Currently, the scientific literature on the theory of gaming activity practically does not describe methods of gaming activity.

Let's consider the methods developed by A. M. Novikov and D. A. Novikov in “Methodology” (2007) proposed a classification of methods. The authors highlight theoretical and empirical methods from a set of gaming activity methods. And within these groups: Method-operations and method-actions.

Theoretical method-operations are considered as mental operations: Analysis and synthesis, comparison, generalization, specification, etc. On the one hand, they are formed in childhood, including during play activities; on the other hand, play activities are carried out with their help. In addition to the operations of logical thinking, the operations of the theoretical method of gaming activity can also include (perhaps conditionally) imagination as the mental process of creating new ideas and images with its specific forms of fantasy (creating implausible, paradoxical images and ideas) and dreams (as creating images of what is desired).

Theoretical and methodological action, such as the analysis of epistemological systems, theories as a method, etc., is practically not implemented in gaming activities, with the possible exception of such complex games as chess.

Empirical methods include primarily observation and experiment. In this case, the experiment is considered by the authors not in the scientific sense, as a strict procedure of scientific research, but as a synonym for experience, as an attempt to implement something, to make some changes in the external environment. Observation and experiment in this sense are two sides of the same coin. Observation is like searching for an answer to the question “what is happening?” Experimentation is “what will happen if you do this and that?” A child breaks toy structures and toys - this, according to the authors, is a natural manifestation of an exploratory reflex aimed at learning the properties of objects. Children's pranks of older children - blowing something up, setting it on fire, slapping it, etc. - also experiments characteristic of this age. Finally, competitive games: who is stronger? Who is faster? who is smarter? These are also experiments in the form of tests. Even when a person plays alone, for example, plays solitaire, this is also a test for himself - “will I succeed or not?”

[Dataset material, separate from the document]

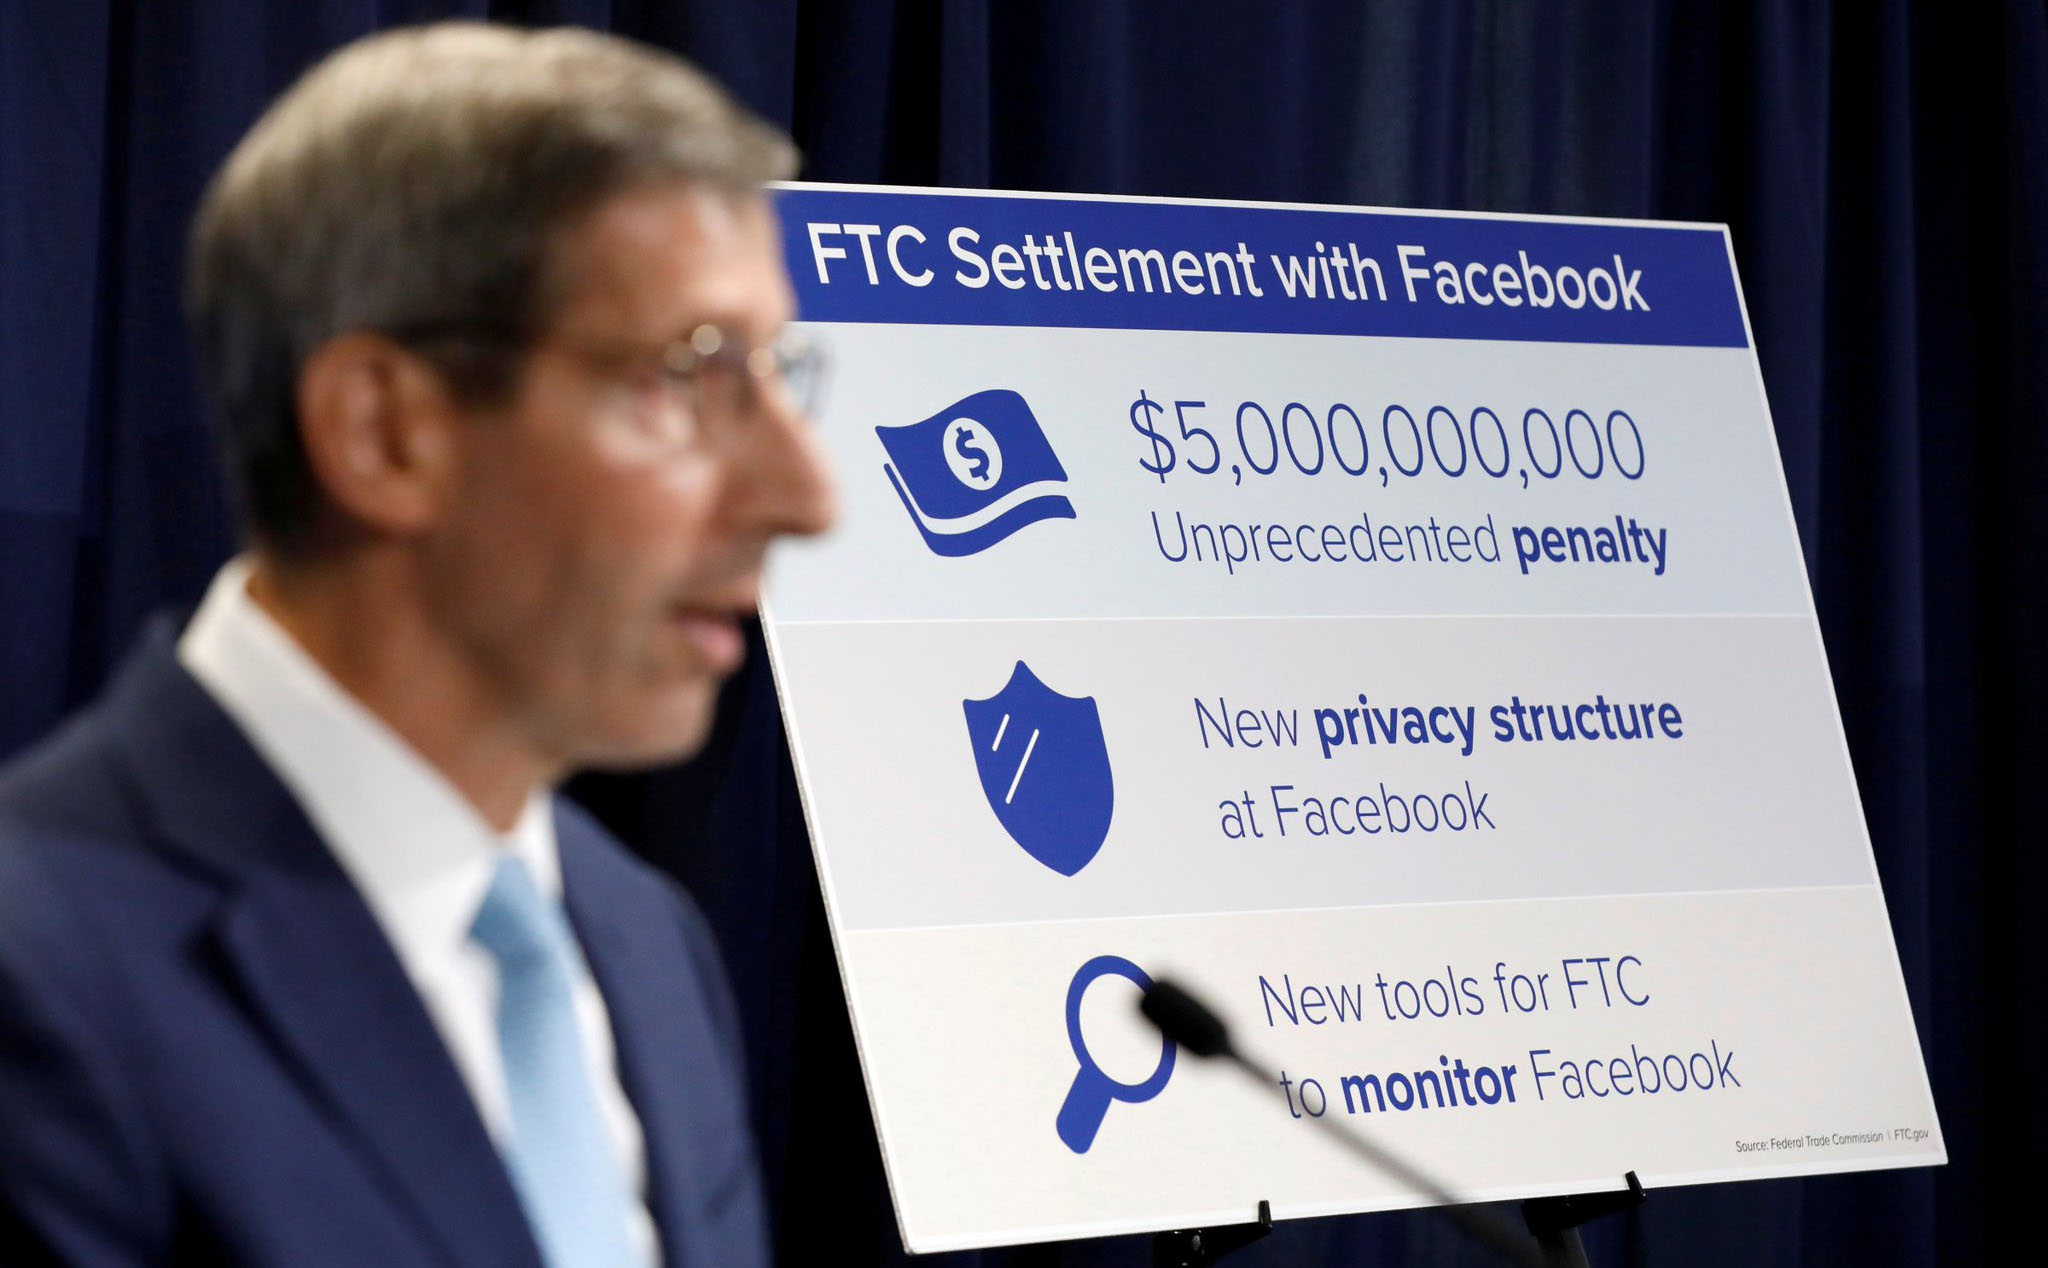 Facebook chấp nhận đóng phạt 5 tỉ USD và bị buộc phải tuân thủ chính sách bảo mật dữ liệu riêng tư

Exercises are also considered as a method of playful activity. As you know, training is based on repeated repetition of certain movements and actions to form and improve skills and abilities. The child is ready to repeat a pleasant gaming activity many times, improve his skills and consolidate his success. When an action becomes a habit, a daily routine, the child loses interest in it - the action is mastered and consolidated.

Design in gaming activity is the creation of various structures. First there are “pastry cakes” made of sand, “construction” of houses, pyramids from bricks, then games with all kinds of building blocks, and later - creation of models of airplanes, ships, etc.

The example method is used in almost all collective games related to the performance of certain actions. So, as an example they can serve: an example of the actions demonstrated by the leader; behavior of adults and peers; images of heroes from books and films, people of different professions, etc.

Imitation (imitating someone or something, trying to reproduce something exactly). From infancy, a child imitates adults in everything - facial expressions, gait, pronunciation of words, etc. Later, imitation develops into a role in children's role-playing games. Imitation is often used as a method in theatrical games, plays, drama, pantomime, etc.